### Data shown
*-*-*
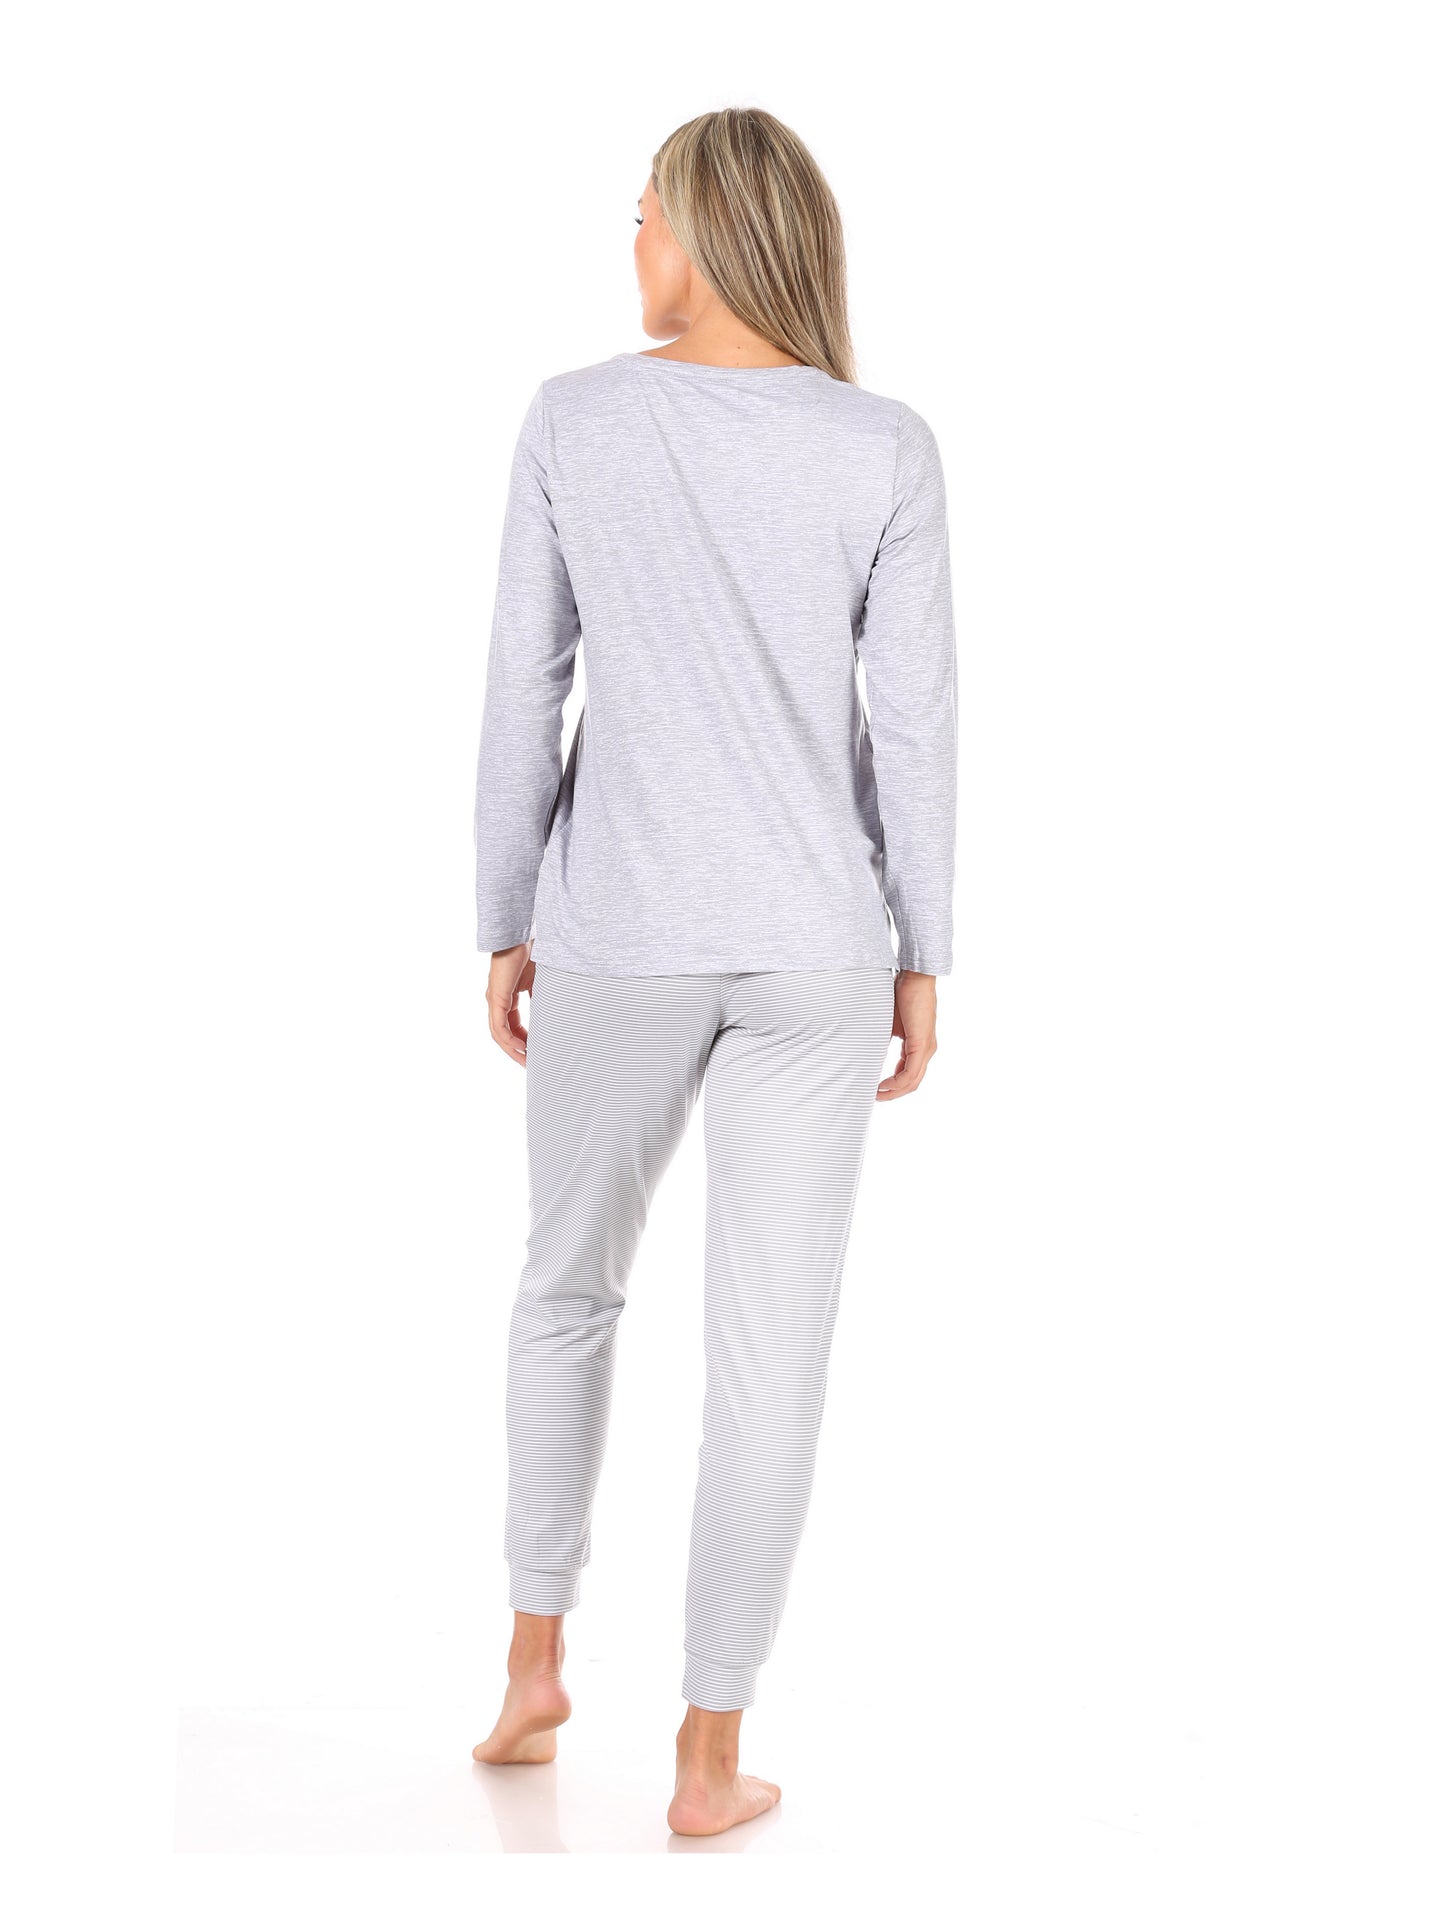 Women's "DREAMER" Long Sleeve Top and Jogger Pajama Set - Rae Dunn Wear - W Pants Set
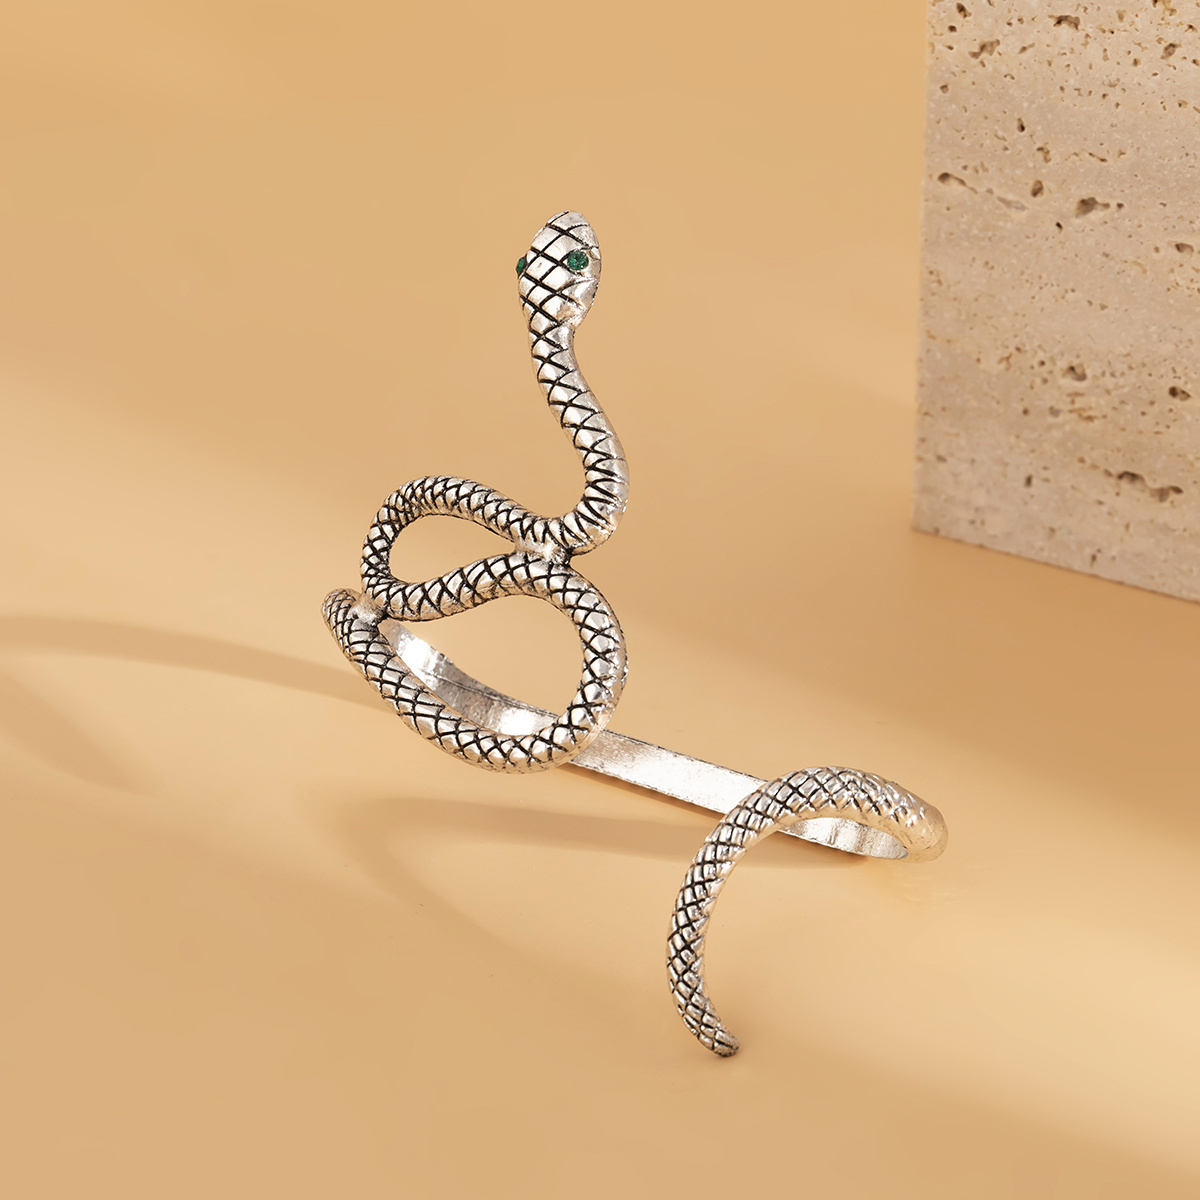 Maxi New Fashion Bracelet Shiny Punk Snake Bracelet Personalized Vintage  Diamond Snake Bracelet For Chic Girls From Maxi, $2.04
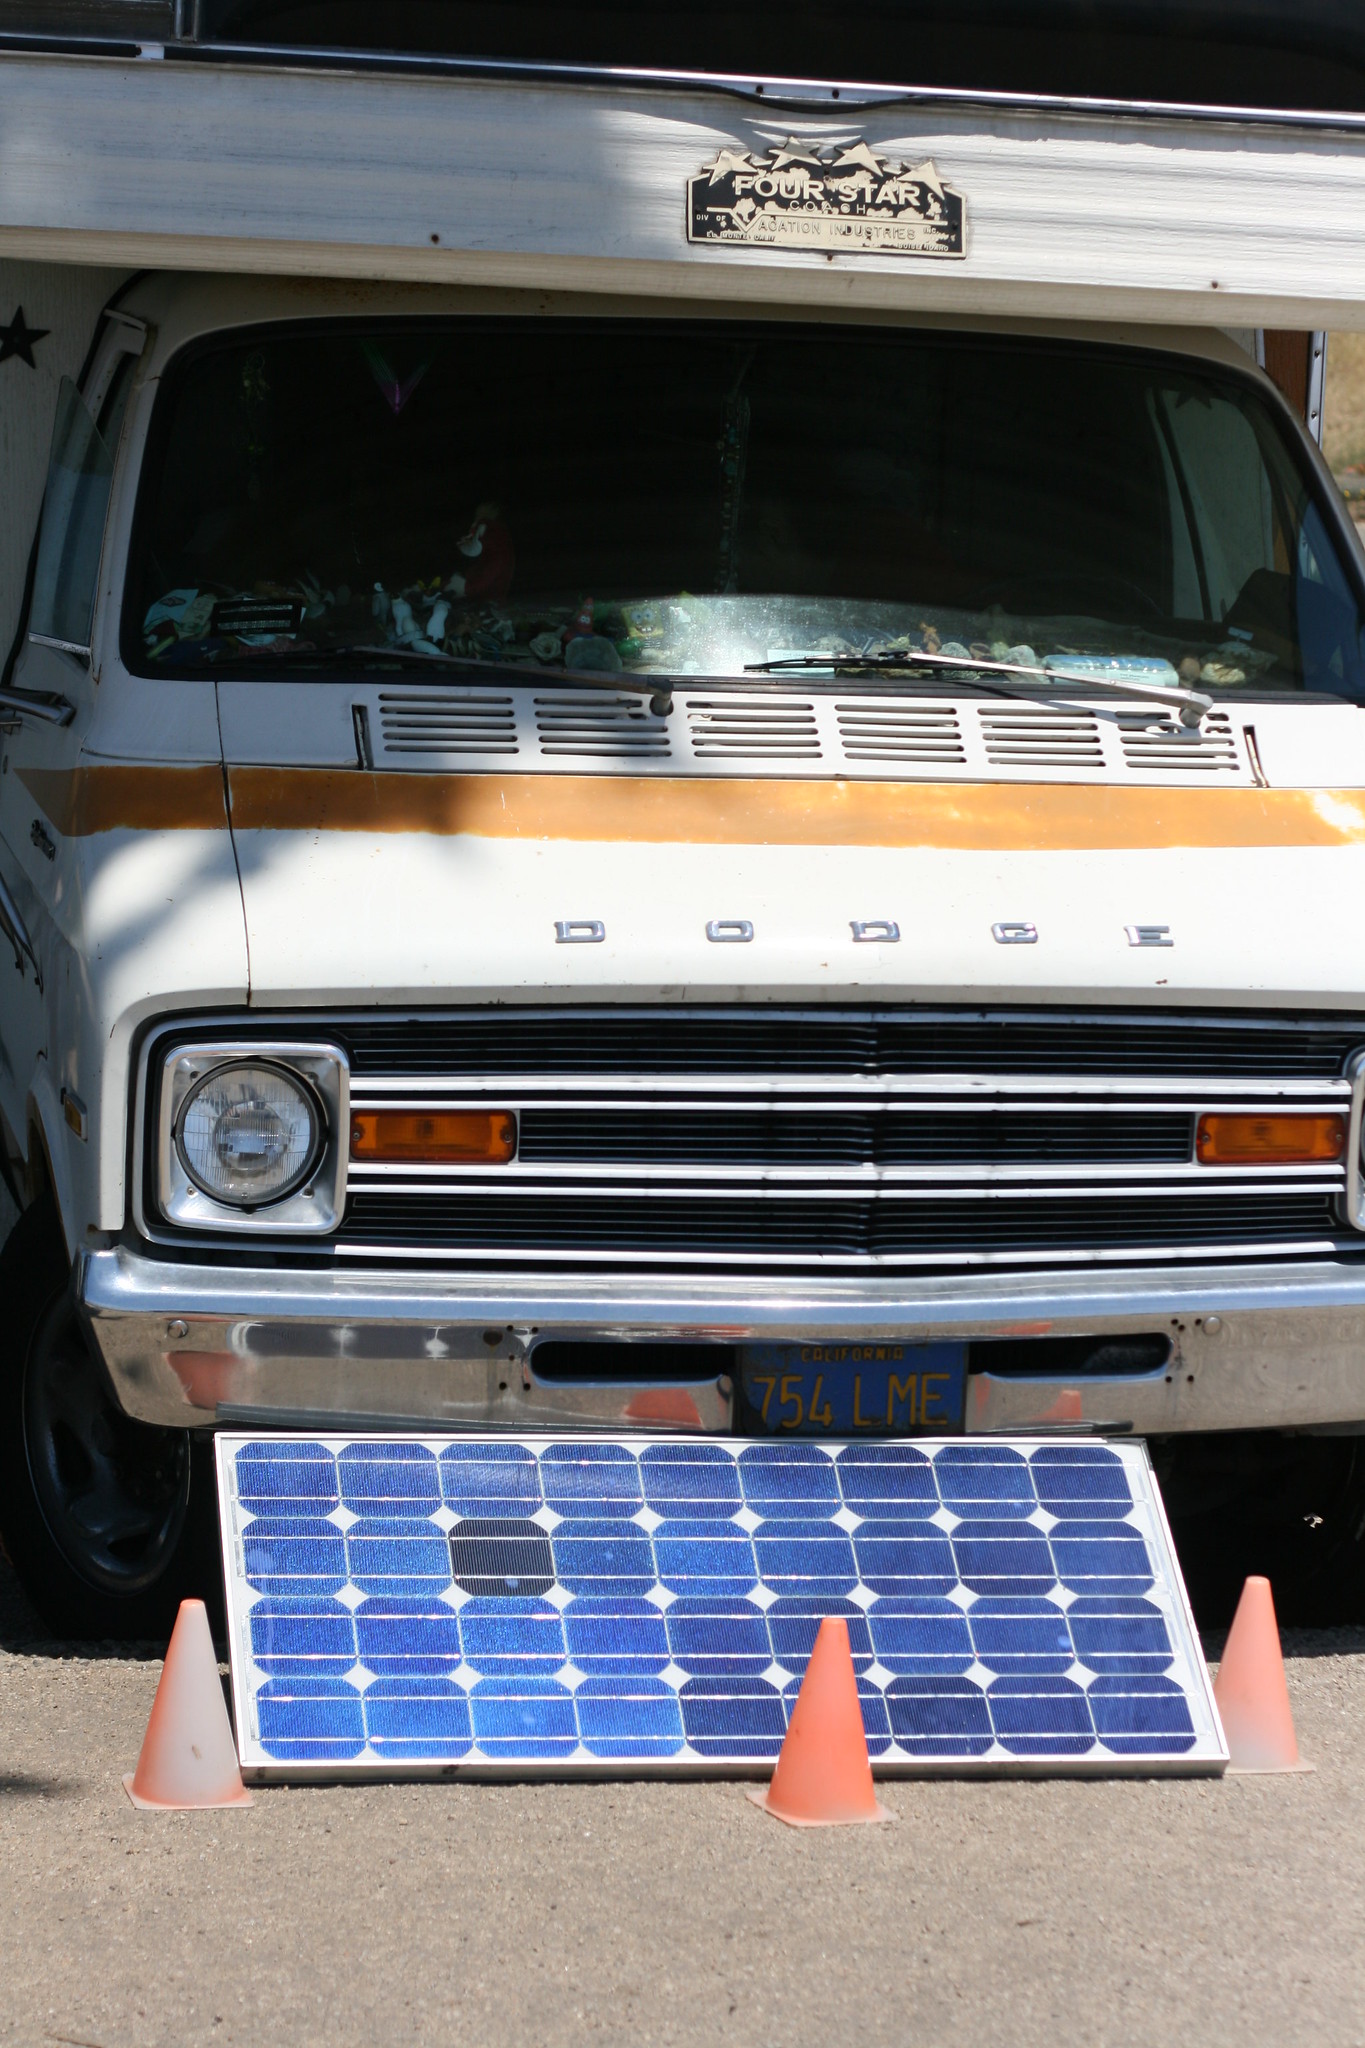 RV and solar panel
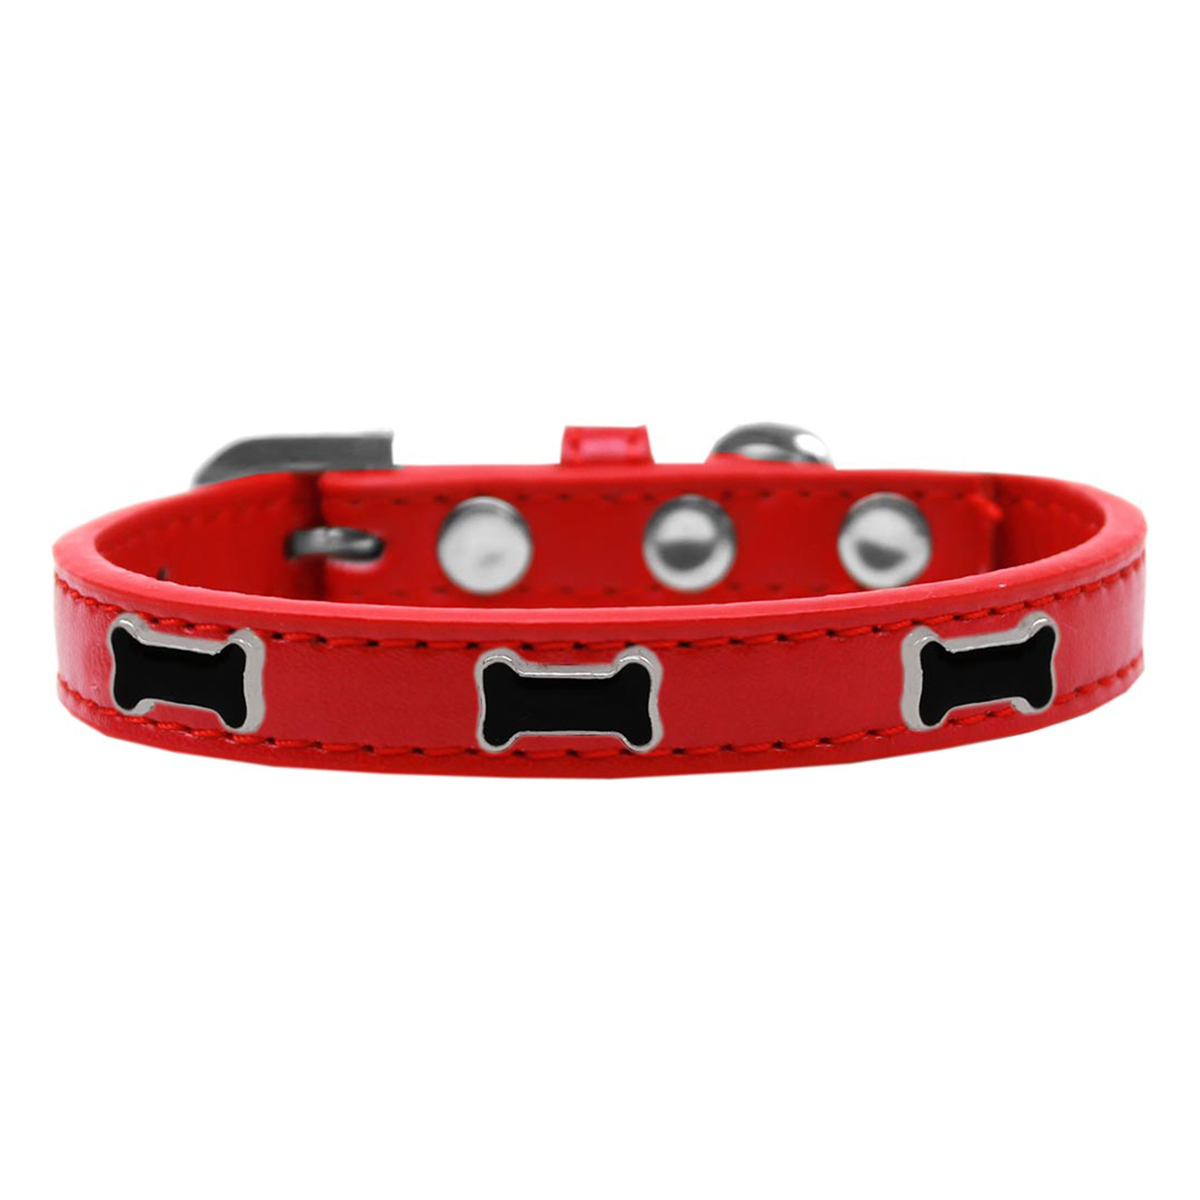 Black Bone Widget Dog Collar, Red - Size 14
*-*-*
### Your assignment
Please print the data above once more, exactly and without images.

### Finished task
 Women's "DREAMER" Long Sleeve Top and Jogger Pajama Set - Rae Dunn Wear - W Pants Set
 Maxi New Fashion Bracelet Shiny Punk Snake Bracelet Personalized Vintage  Diamond Snake Bracelet For Chic Girls From Maxi, $2.04
 RV and solar panel
 Black Bone Widget Dog Collar, Red - Size 14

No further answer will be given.